Title : Investigation on forming limits under complex loading paths considering intermediate annealing: Experiments and multi-scale simulations
Abstract:
Multi-stage forming processes typically involve complex loading and annealing sequences that substantially alter the microstructure and macroscopic formability. The process-induced microstructural changes, such as lattice rotation, dislocation accumulation, and recrystallization, make it challenging to accurately predict forming limits using conventional approaches. An integrated multi-scale simulation framework was developed that coupled crystal plasticity finite element simulations (CPFE) with a cellular automaton (CA) model and incorporated the Marciniak–Kuczynski (MK) instability criterion to evaluate forming limits under various multi-stage processing routes.
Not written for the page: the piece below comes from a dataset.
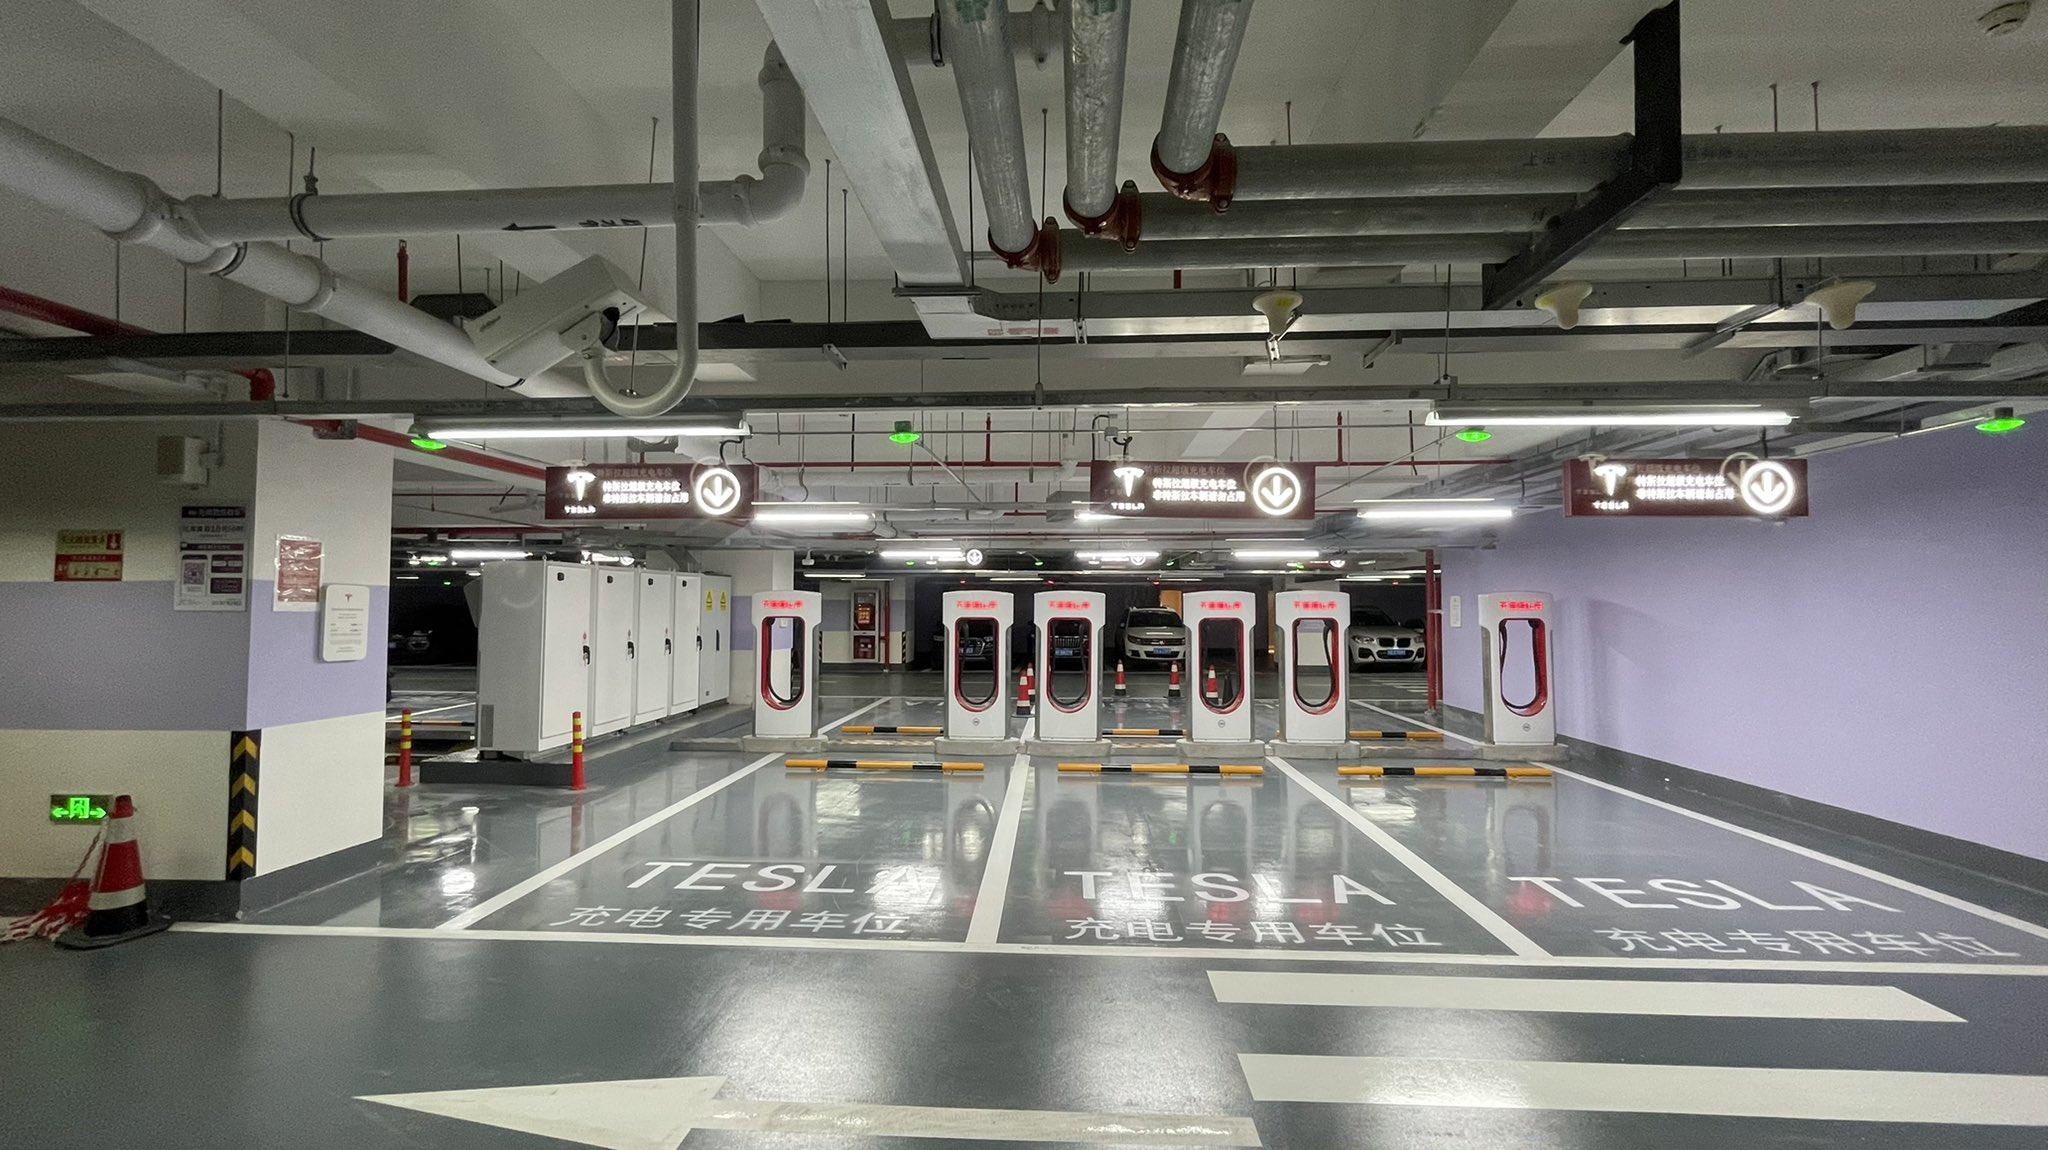 Najväčšia stanica Supercharger na svete so 72 stojanmi V3 v Šanghaji (Foto: Twitter/@JayinShanghai)

The two-stage loading tests were performed under uniaxial and biaxial prestrain conditions to quantify the influence of loading path history on subsequent instability behaviour. Additional annealing experiments following different prestrain levels were carried out to assess the extent of formability recovery. Based on the experimental results, the CPFE and CA models were employed to simulate the deformation and annealing processes, respectively.
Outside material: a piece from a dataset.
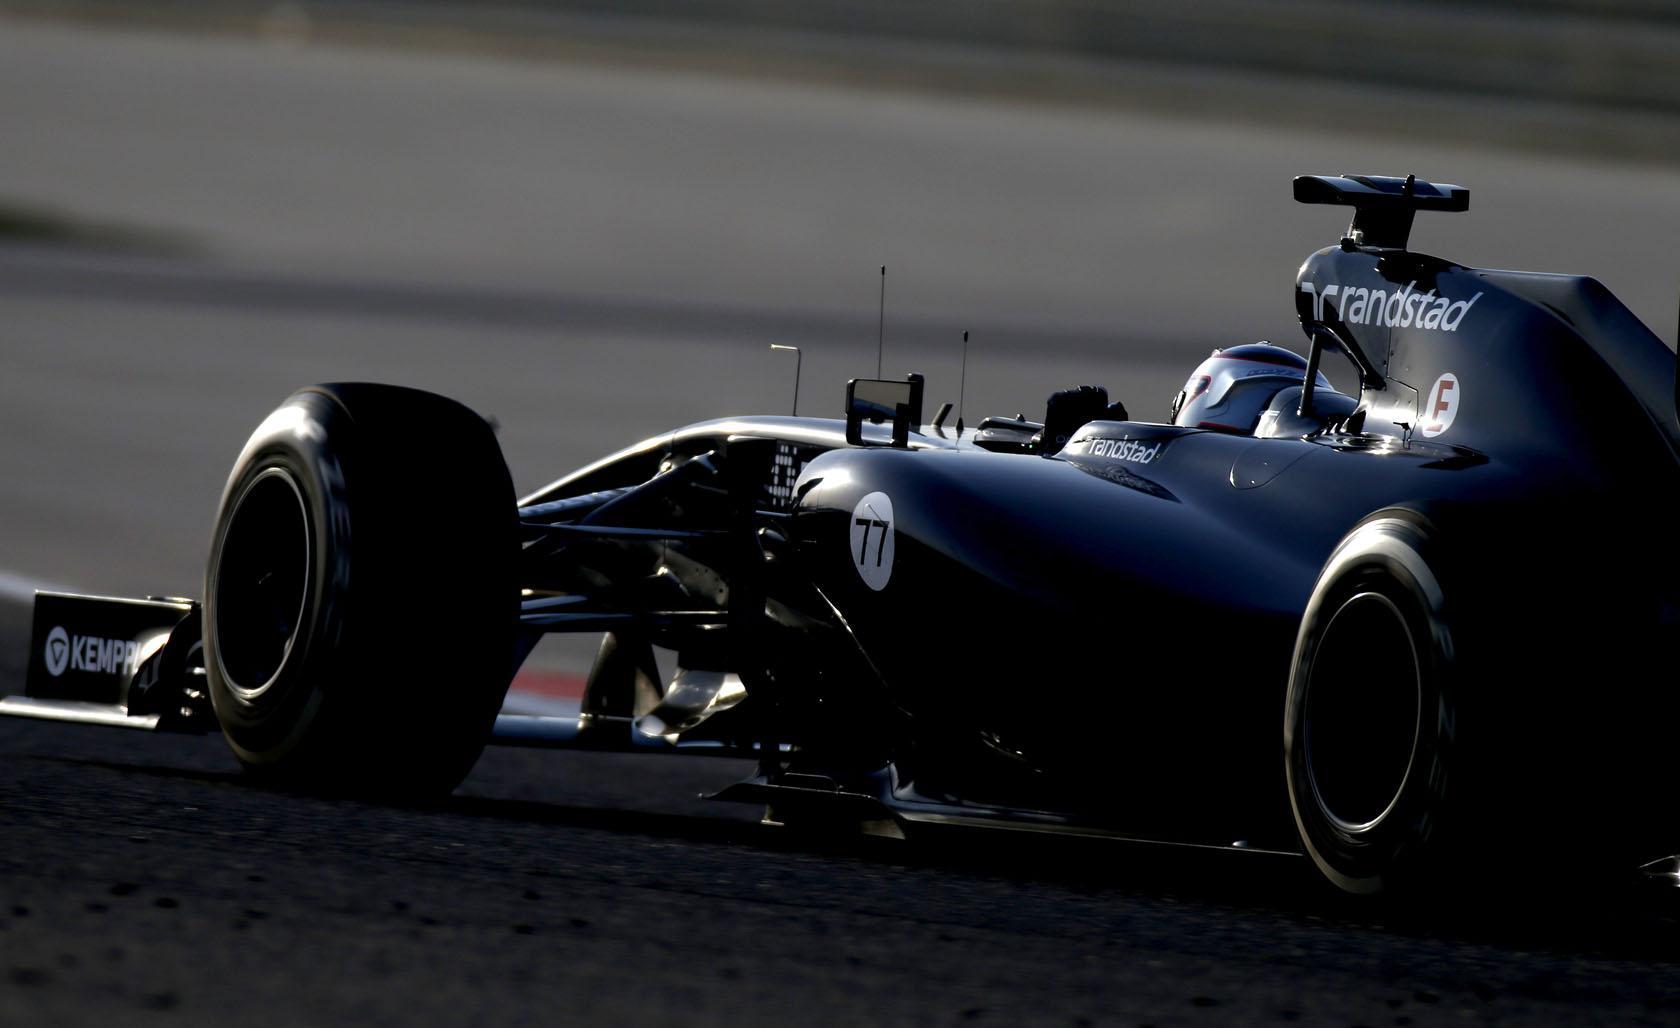 Úgy szólt a Williams, mint egy számítógépes játék: Massa felvétele

The results indicate that prestrain significantly reduces the forming limit during subsequent loading, and the extent of degradation strongly depends on the strain path. The dislocations accumulated during the prestrain process diminish the material’s ability to undergo subsequent uniform plastic deformation. As the prestrain increases, the internal dislocation density and local defects become more pronounced, further reducing the strain-hardening capacity of the material and making critical instability more prone to occur. Annealing after prestrain effectively restores formability by reducing dislocation density and promoting recrystallization. Particularly under higher prestrain conditions, annealing produces the most pronounced improvement in the forming limit near the plane-strain state, while the enhancement of the uniaxial and equi-biaxial tensile strain points is relatively comparable. Under different prestrains, the forming limit curves after annealing become relatively close to one another, indicating that the annealing treatment mitigates the influence of prestrain level differences on the forming limits. The established CPFE–CA–MK simulation framework effectively captures the combined effects of deformation accumulation and recrystallization on forming limits during the reloading process, successfully reproducing the evolution of forming limits under various prestrain and annealing conditions, and showing good agreement with the experimental results. The proposed multi-scale coupled simulation model provides a reliable basis for process design and formability evaluation in multi-stage forming of complex thin-walled components.